Si l’on poursuit l’itinéraire par l’avenue «Calea Victoriei», on découvre, sur la droite, le palais Cantacuzino, aménagé en musée dédié à la mémoire du grand compositeur roumain classique Georges Enesco. Ce palais, construit par le riche boyard Grigore Cantacuzino, surnommé «Le Nabab», est un modèle d’architecture néo-classique française.

Il a une entrée imposante: derrière une somptueuse grille en fer forgé. Le perron de l’escalier d'honneur en marbre est gardé par deux lions en pierre, assis, et est abrité par une très belle marquise. Dans ce musée sont exposés de nombreux documents qui illustrent la vie et l’œuvre de Georges Enesco, académicien roumain et membre de l’Académie Française. Tous les deux ans, au mois de septembre, Bucarest connaît une effervescence musicale exceptionnelle à l’occasion du Festival «George Enescu» qui réunit les meilleurs concertistes du monde.

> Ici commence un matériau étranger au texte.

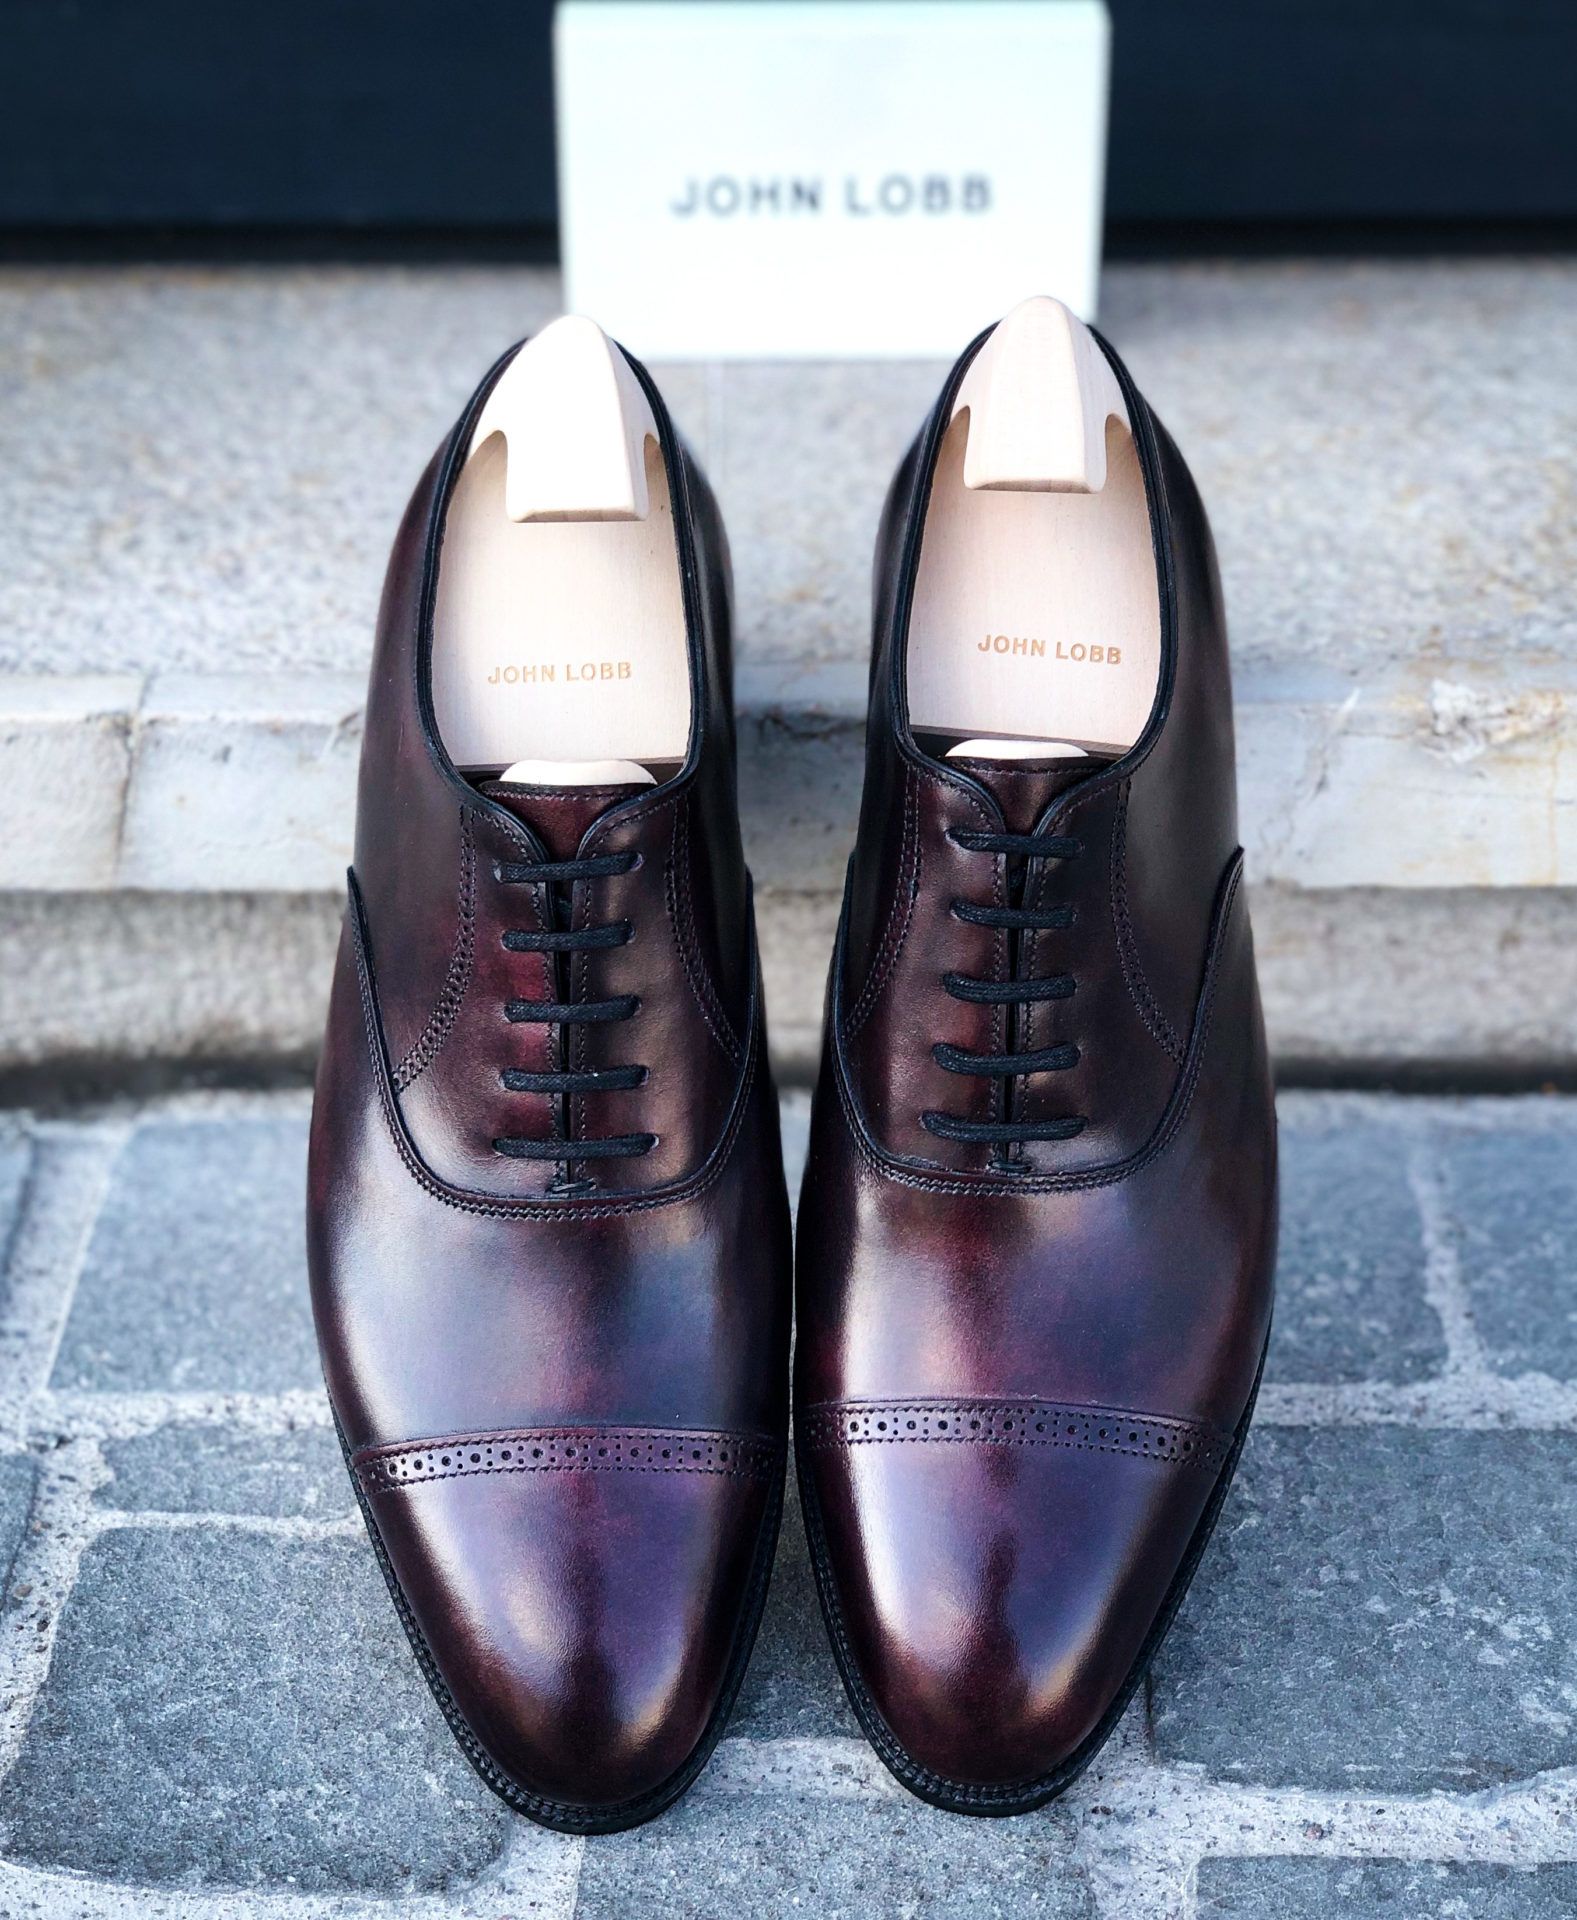 JOHN LOBB PHILIP II • Luxury Shoes in Geneva | Brogue

Calea Victoriei est la véritable colonne vertébrale de la capitale, l’artère la plus ancienne et l’une des plus élégantes. Elle débouche sur la place de la Révolution où l’on peut découvrir quelques-uns des édifices les plus représentatifs de Bucarest, notamment l’Athénée Roumain, le plus bel espace de concert de musique classique de la ville, devenu un emblème, la Bibliothèque Universitaire, l’ancien Palais royal aménagé en Musée National d’Art avec des collections allant du Moyen Age à nos jours et de nombreux chefs d’œuvre roumains et étrangers.

Au bout de l’avenue de la Victoire, en direction du cours de la Dâmboviţa, se trouve le Musée National d’Histoire de Roumanie. Situés sur les rives des lacs et à la lisière des forêts des environs de Bucarest, plusieurs palais s’intègrent parfaitement dans des paysages restés intacts. Le plus bel exemple est celui du palais voïvodal de Mogosoaia, bâti au XVIIIème siècle par Constantin Brâncoveanu à une douzaine de kilomètres au nord-ouest de la ville. Classé monument historique, le palais a conservé une partie de ses fresques intérieures ainsi que la totalité des décorations de pierre à motifs floraux et zoomorphes des balustrades et chapiteaux des balcons.